Mindfulness is not about relaxation, positive thinking, or sitting cross-legged. It is attention training, and decades of neuroscience research explain why it works.

Pranay Bathini8 min read
Mindfulness Is Not What You Think It Is

A couple of years ago, a friend of mine — software engineer at a well-known tech company in Bangalore — told me his team had started doing "mindfulness sessions" at work. Led by an American consultant. Over Zoom. For which the company was paying tens of thousands of dollars a quarter.

I asked him what they actually did in these sessions.

"Basically breathing exercises and paying attention to stuff," he said.

"So... pranayama and dhyana?"

He paused. "Huh. Yeah, I guess."

This is the absurdity of mindfulness in India in 2026. Concepts that have existed in our traditions for literally thousands of years — in our languages, in our scriptures, in what our grandparents did every morning — get exported to the West, studied in labs, rebranded with English terminology, and sold back to Indian tech workers at premium consulting rates. It would be funny if it weren't so perfectly, painfully ironic.

But here's the thing: I'm actually not mad about it. Because the Western scientific framework did something genuinely valuable: it made these practices measurable. Testable. Replicable. And that matters. "My grandmother did this" isn't an argument that convinces sceptics. Published, peer-reviewed research in Nature Reviews Neuroscience is.

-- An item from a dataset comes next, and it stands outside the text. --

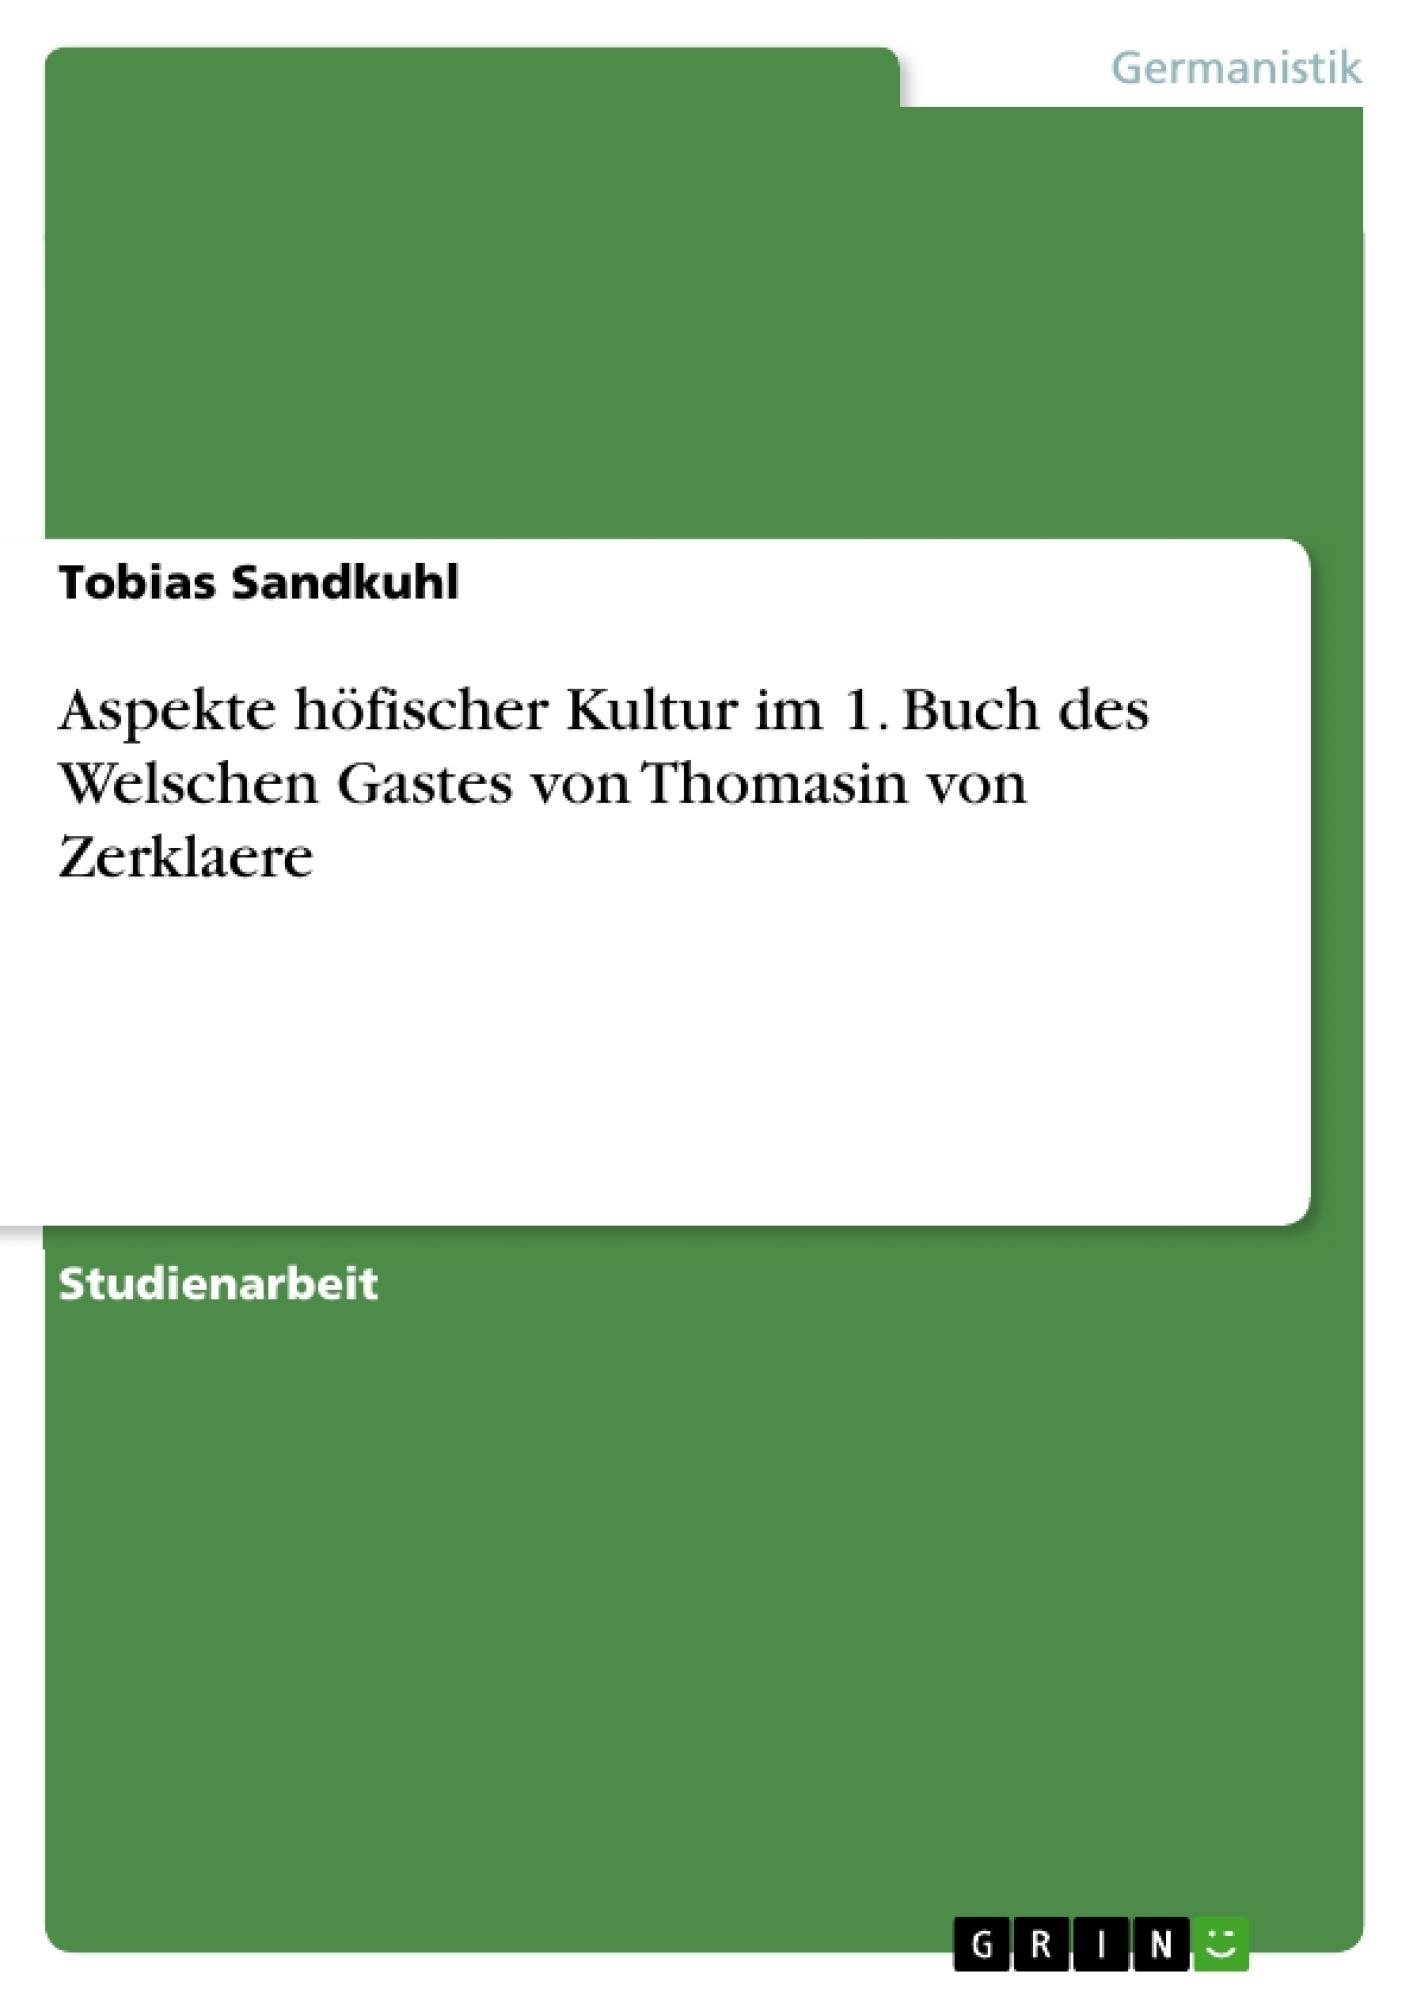 Titel: Aspekte höfischer Kultur im 1. Buch des Welschen Gastes von Thomasin von Zerklaere

So let's talk about what mindfulness actually is: what our traditions have known for millennia, and what modern neuroscience has confirmed.

What Mindfulness Actually Is (Not What Instagram Shows You)

The most widely cited definition in the scientific literature comes from Jon Kabat-Zinn: "paying attention in a particular way: on purpose, in the present moment, and non-judgmentally" (Kabat-Zinn, 1994).

Three decades of research later, that definition still holds up. Simple, but every word earns its place.

"On purpose": this isn't passive daydreaming. You're deliberately directing your attention somewhere. "In the present moment": you're not replaying yesterday's argument with your manager or rehearsing tomorrow's client call. "Non-judgmentally" (and this is the part people skip over): you notice what's happening without immediately slapping a label on it. Good, bad, pleasant, unpleasant. You just notice.

That's it. No singing bowls required.

What Kabat-Zinn described is, at its core, attention training. You're practising the skill of noticing where your mind is and gently redirecting it. Over and over.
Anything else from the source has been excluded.